If treatment doesn't effectively control high blood sugar levels, it leaves a person with diabetes more vulnerable to infections. Type 2 diabetes tends to develop more gradually, which is one of the reasons why medical professionals think that so many cases go undiagnosed.
In the long-term, diabetes raises the risk of many conditions, including peripheral vascular disease (when the arteries to the extremities are damaged by atherosclerosis) and peripheral nerve damage. Type 2 diabetes is a chronic condition that effects the way your body metabolizes sugar to use as a fuel source. Insulin, a hormone produced in your pancreas, allows sugar (glucose) to enter cells to be used as a fuel source. Nerve damage, excess blood sugar damages smaller blood vessels that feed your nerve cells especially in your legs. Kidney damage, kidneys filter waste through a network of millions of tiny blood vessels and diabetes damages this intricate filtration system leading to kidney disease and possibly kidney failure. A new study from the researchers at the Harvard School of Public Health brings some very good news. Direct costs of diabetes according to the American Diabetes Association in 2012 was $245 billion USD which included $176 billion in direct costs and $69 billion in reduced productivity.
We all know that eating too much can be bad for our health, especially if we become overweight or obese. Obesity is the medical term for the accumulation of excess fat, leading to adverse effects on health and reduced life expectancy. Obesity can lead to increased risk of heart disease, type II diabetes, osteoarthritis and some types of cancer.

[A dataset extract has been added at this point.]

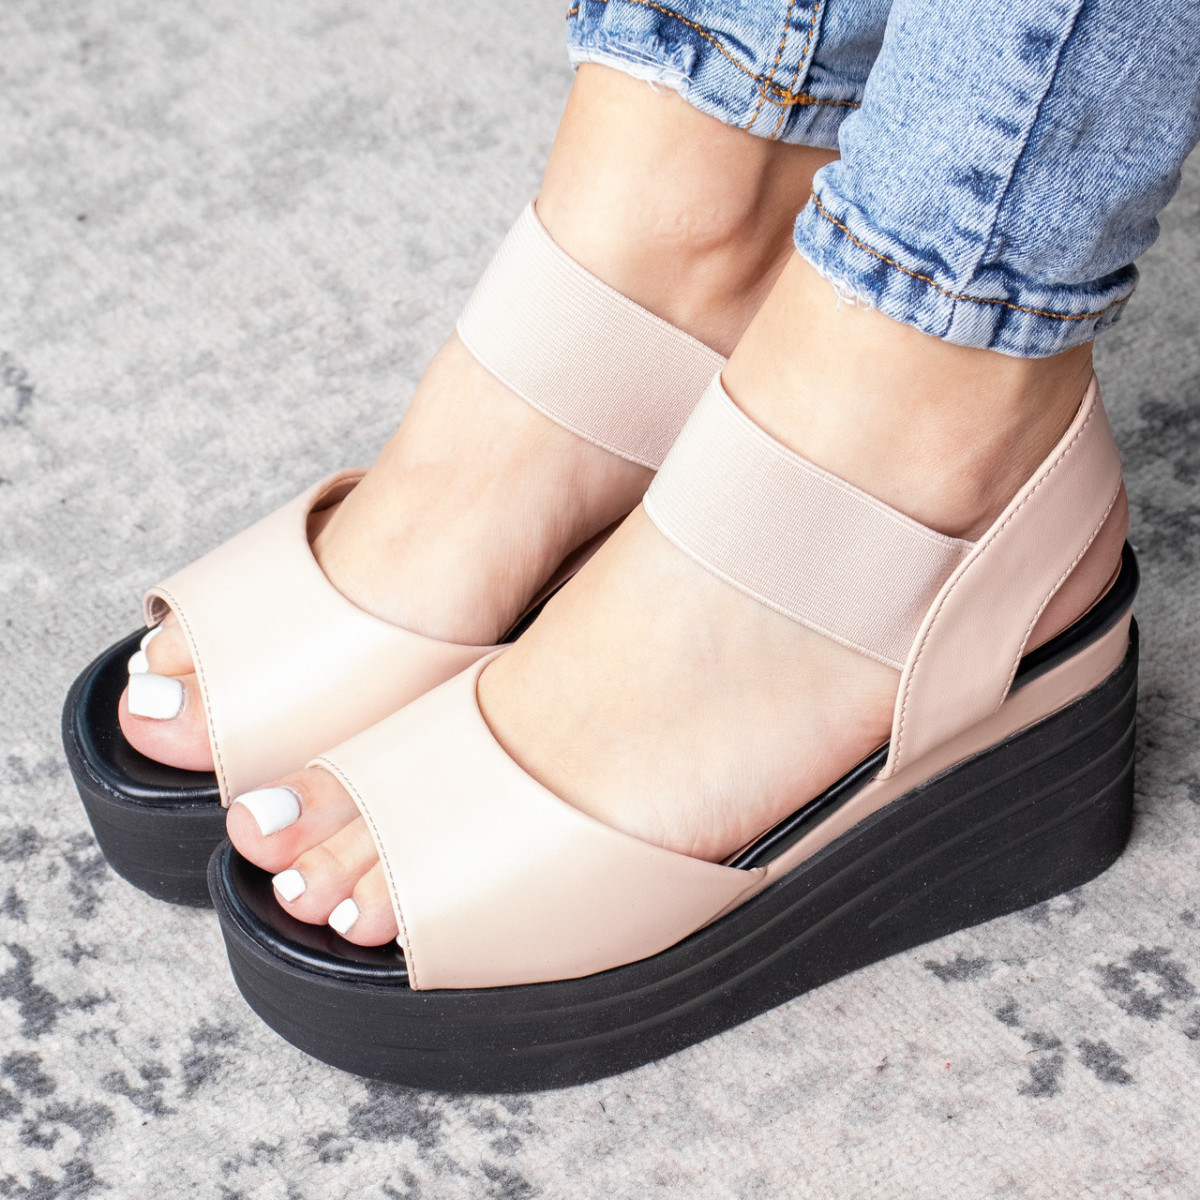 Женские сандалии Fashion Batista 3082 36 размер 23 см Бежевый
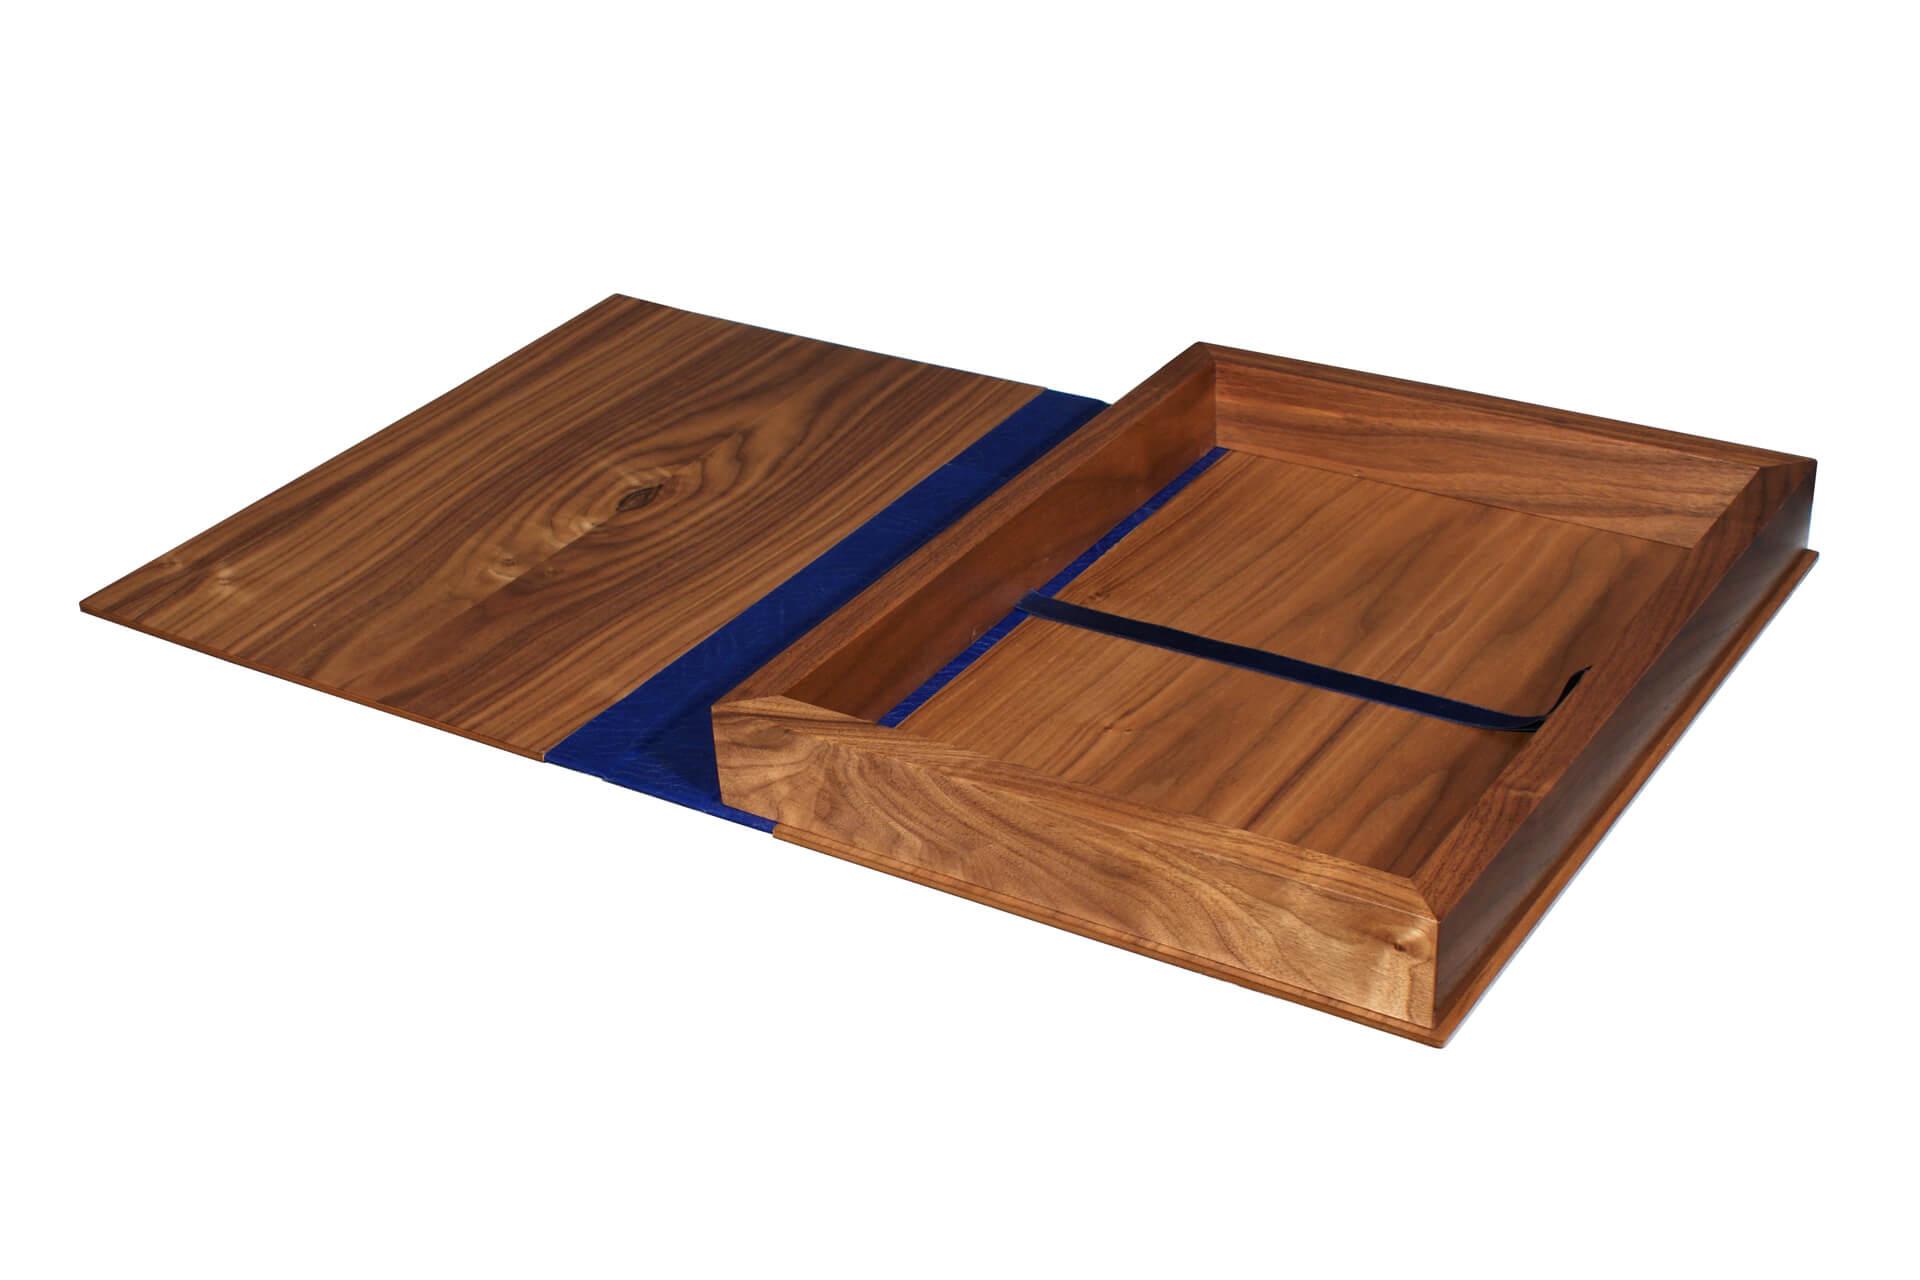 bespoke wooden hotel room folder guest information box

In the medieval period, obesity was a sign of status – only the wealthy were able to eat too much (and would have lower activity levels). It is very difficult to estimate the weight, and therefore the BMI of a skeletonised person, and because of that any estimates have wide error margins.
There is eburnation (polishing) and flattening of the head of this femur (thigh bone), which is indicative of osteoarthritis of the hip.
The largest factor influencing the likelihood of having osteoarthritis is age – put simply, the older you are, the more wear and tear on your joints. Diffuse Idiopathic Skeletal Hyperostosis (DISH; also known as Forestier’s disease) is a non-inflammatory joint disease which causes ossification (turning to bone) of the spinal ligaments and the regions where tendons and ligaments attach to bone (entheses).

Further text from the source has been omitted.